Expand the NxN test with the network connectivity check between all the
nodes.  Unfortunately, we can't really run this test with Libreswan 4.x,
since, due to internal issues in these versions, we are getting into
states where everything is loaded and active, but no traffic can pass.
This is an internal issue in Libreswan that we can't workaround from
the outside.  So, the fix is required in Libreswan itself.  4.5 and
earlier versions seem to not be affected by this problem, at least not
severely affected, but it's easier to just cut off all the 4.x versions
from the test.

3.32 version from Ubuntu 22.04 and Libreswna 5.1 work just fine with
this test.

Test is relatively long, but it is very valuable, IMO.  Besides
stressing ovs-monitor-ipsec with various failure and asynchronous
connection establishment conditions, which are important for OVS, it
also was used to reproduce and fix several bugs in Libreswan 4.x.
Unfortunately, not all the issues are understood and fixed yet.
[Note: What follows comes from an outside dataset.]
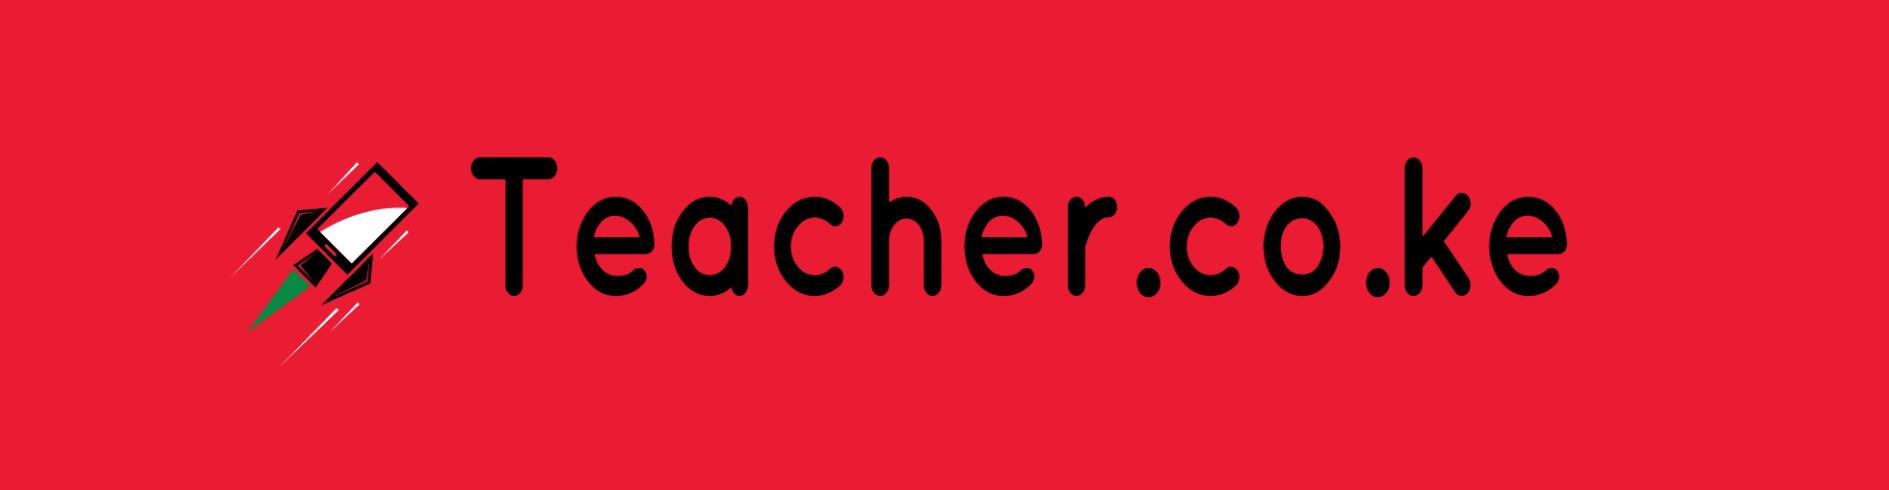 Teacher.co.ke

Signed-off-by: Ilya Maximets <[email protected]>
---
 tests/system-ipsec.at | 84 ++++++++++++++++++++++++++++++++++++++-----
 1 file changed, 76 insertions(+), 8 deletions(-)

diff --git a/tests/system-ipsec.at b/tests/system-ipsec.at
index de459804b..4ab384d89 100644
--- a/tests/system-ipsec.at
+++ b/tests/system-ipsec.at
@@ -71,7 +71,9 @@ m4_define([IPSEC_ADD_NODE],
   on_exit "kill `cat $ovs_base/$1/ovs-monitor-ipsec.pid`"
 
   dnl Set up OVS bridge
-  NS_EXEC([$1], [ovs-vsctl --db unix:$ovs_base/$1/db.sock add-br br-ipsec])]
+  NS_CHECK_EXEC([$1],
+    [ovs-vsctl --db unix:$ovs_base/$1/db.sock add-br br-ipsec \
+               -- set-controller br-ipsec punix:$ovs_base/br-ipsec.$1.mgmt])]
 )
 m4_define([IPSEC_ADD_NODE_LEFT], [IPSEC_ADD_NODE(left, p0, $1, $2)])
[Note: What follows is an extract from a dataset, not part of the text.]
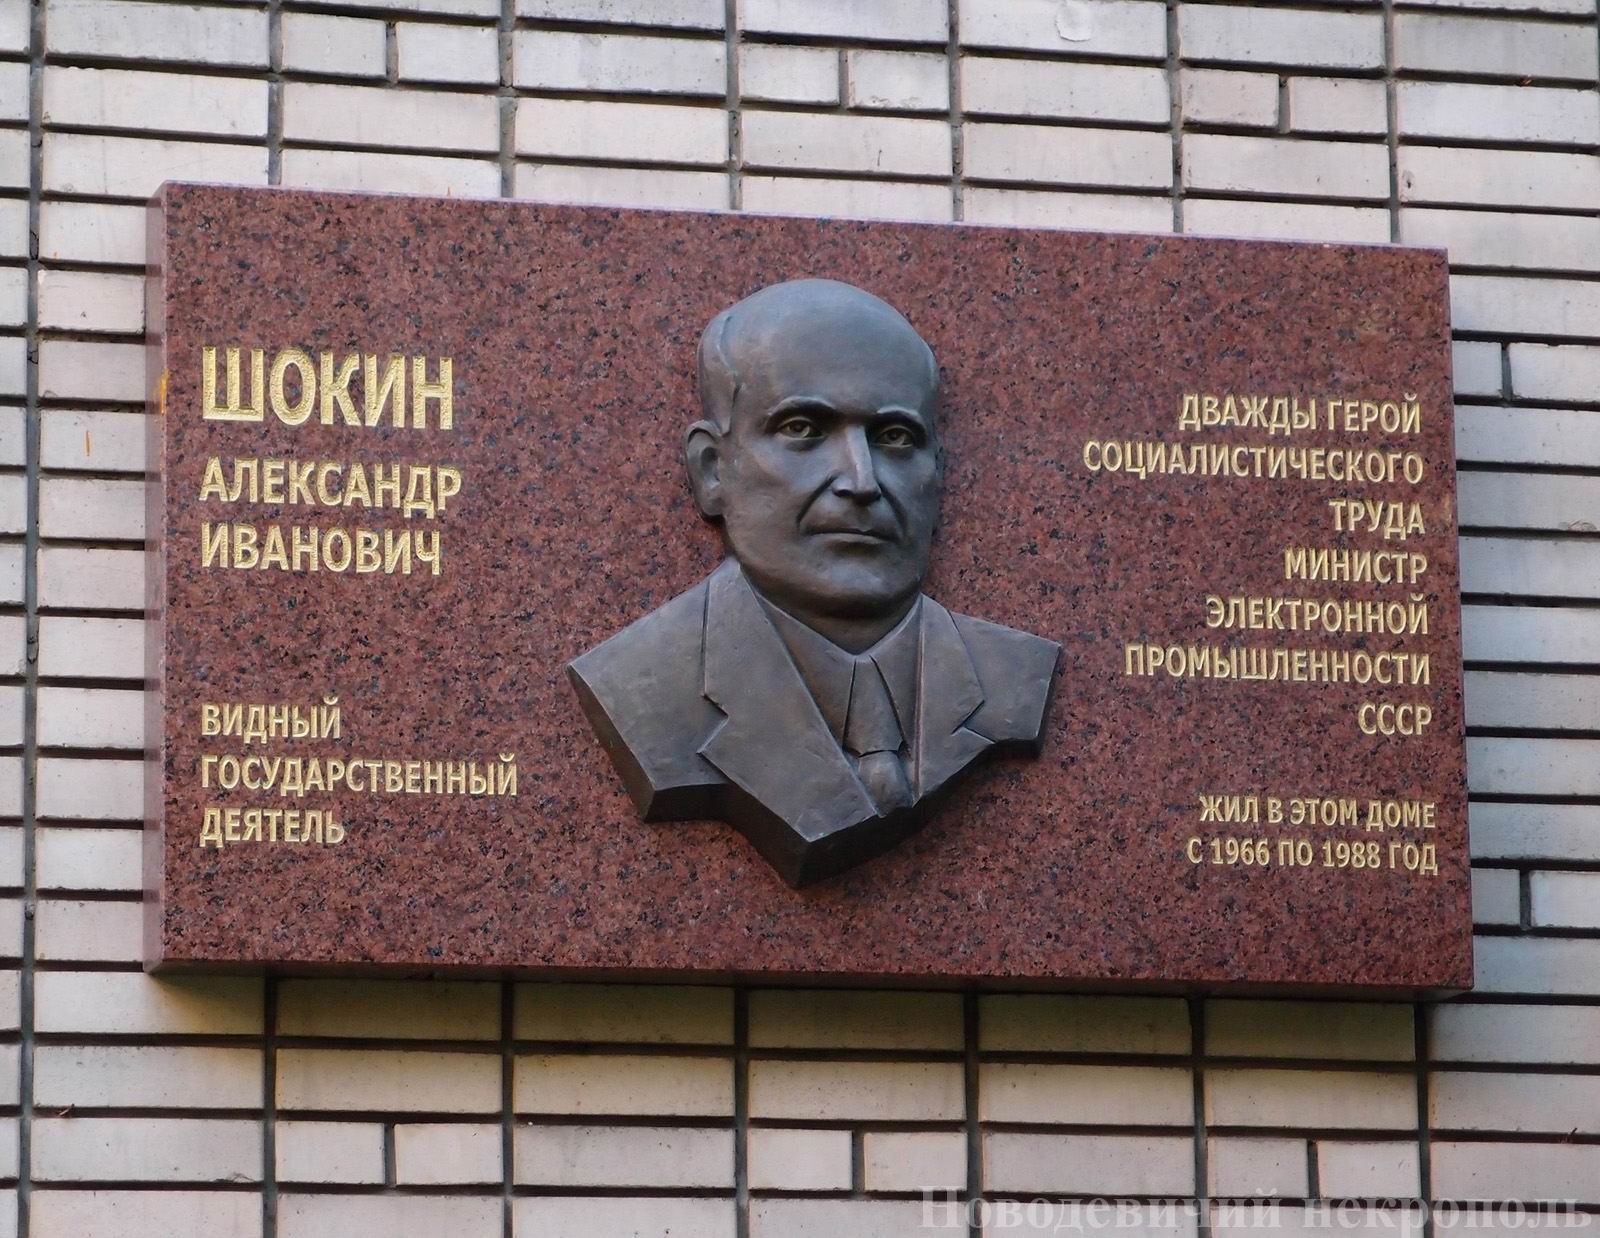 Мемориальная доска Шокину А.И. (1909-1988), ск. Ф.М.Согоян, на улице Спиридоновка, дом 15, открыта 17.3.2011.

 m4_define([IPSEC_ADD_NODE_RIGHT], [IPSEC_ADD_NODE(right, p1, $1, $2)])
@@ -429,7 +431,8 @@ m4_for([id], [1], NODES, [1], [
                 self-sign node-id], [0], [stdout])
   AT_CHECK(OVS_VSCTL([node-id], set Open_vSwitch . \
       other_config:certificate=${ovs_base}/node-id-cert.pem \
-      other_config:private_key=${ovs_base}/node-id-privkey.pem),
+      other_config:private_key=${ovs_base}/node-id-privkey.pem \
+      -- set bridge br-ipsec other-config:hwaddr=f2:ff:00:00:00:id),
       [0], [ignore], [ignore])
   on_exit "ipsec --rundir $ovs_base/node-id status > $ovs_base/node-id/status"
 ])
@@ -445,11 +448,18 @@ m4_for([LEFT], [1], NODES, [1], [
     fi
 ])])
 
+dnl These are not necessary, but nice to have in the test log in
+dnl order to spot pluto failures during the test.
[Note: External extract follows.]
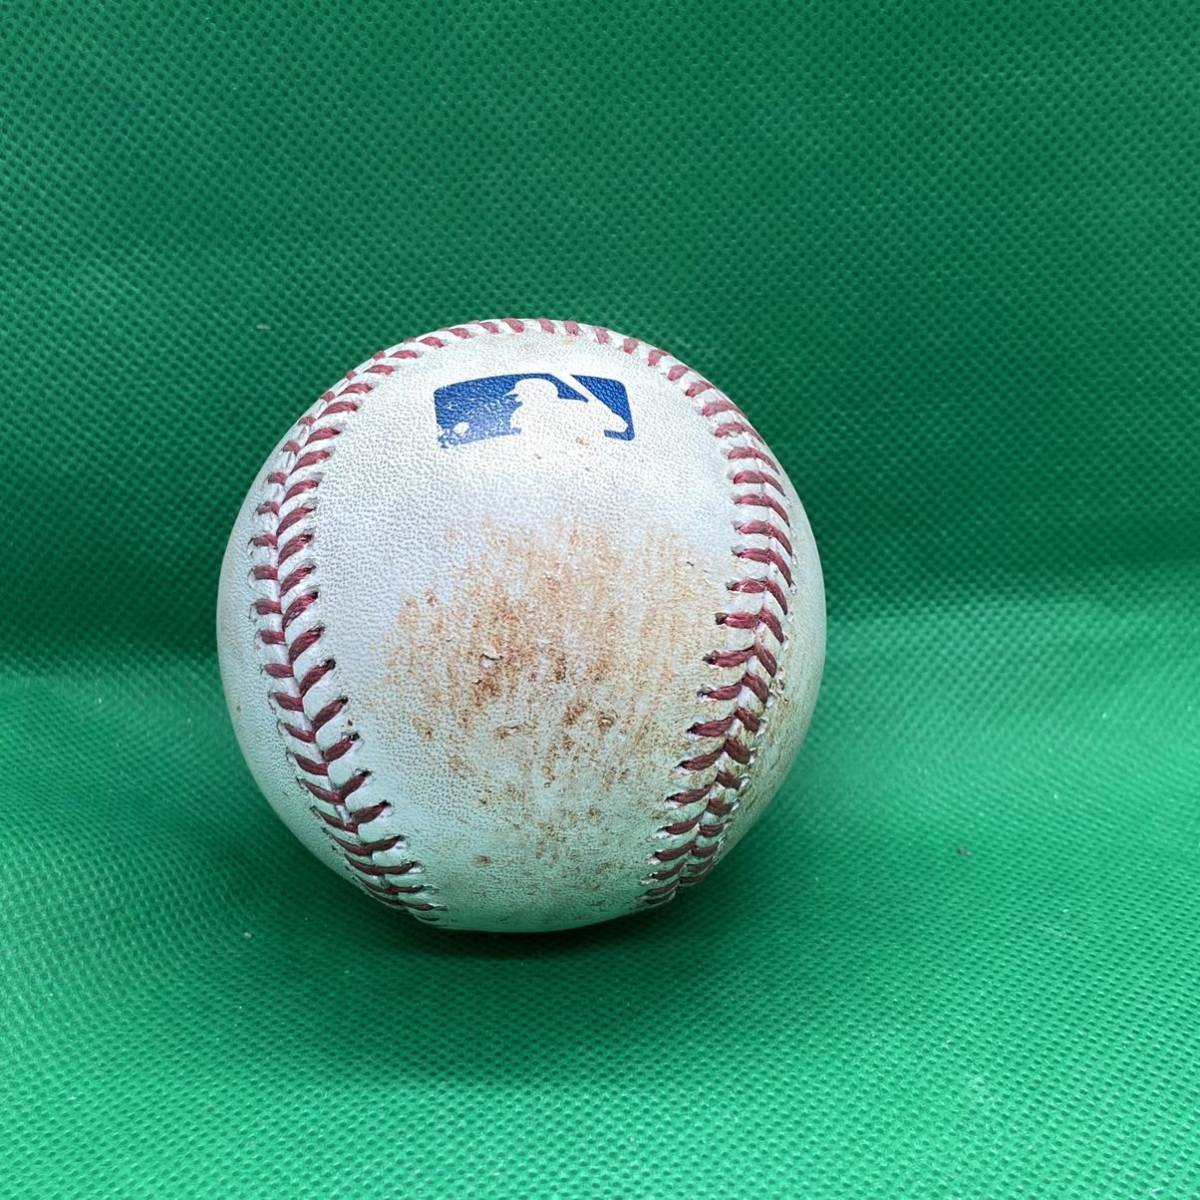 超レア アストロズ 青木宣親 2017年 実使用球 ボール MLB ホログラム

+on_exit "grep -E 'Timed out|outdated|half-loaded|defunct' \
+            $ovs_base/node-*/ovs-monitor-ipsec.log"
+on_exit "grep -E 'ABORT|ERROR' $ovs_base/node-*/pluto.log"
+
 m4_define([WAIT_FOR_LOADED_CONNS], [
   m4_for([id], [1], NODES, [1], [
     echo "================== node-id ========================="
     iterations=0
     loaded=0
+    active=0
     dnl Using a custom loop instead of OVS_WAIT_UNTIL, because it may take
     dnl much longer than a default timeout.  The default retransmit timeout
     dnl for pluto is 60 seconds.  Also, we need to make sure pluto didn't
@@ -463,8 +473,11 @@ m4_define([WAIT_FOR_LOADED_CONNS], [
         START_PLUTO([node-id])
       else
         loaded=$(IPSEC_STATUS_LOADED(node-id))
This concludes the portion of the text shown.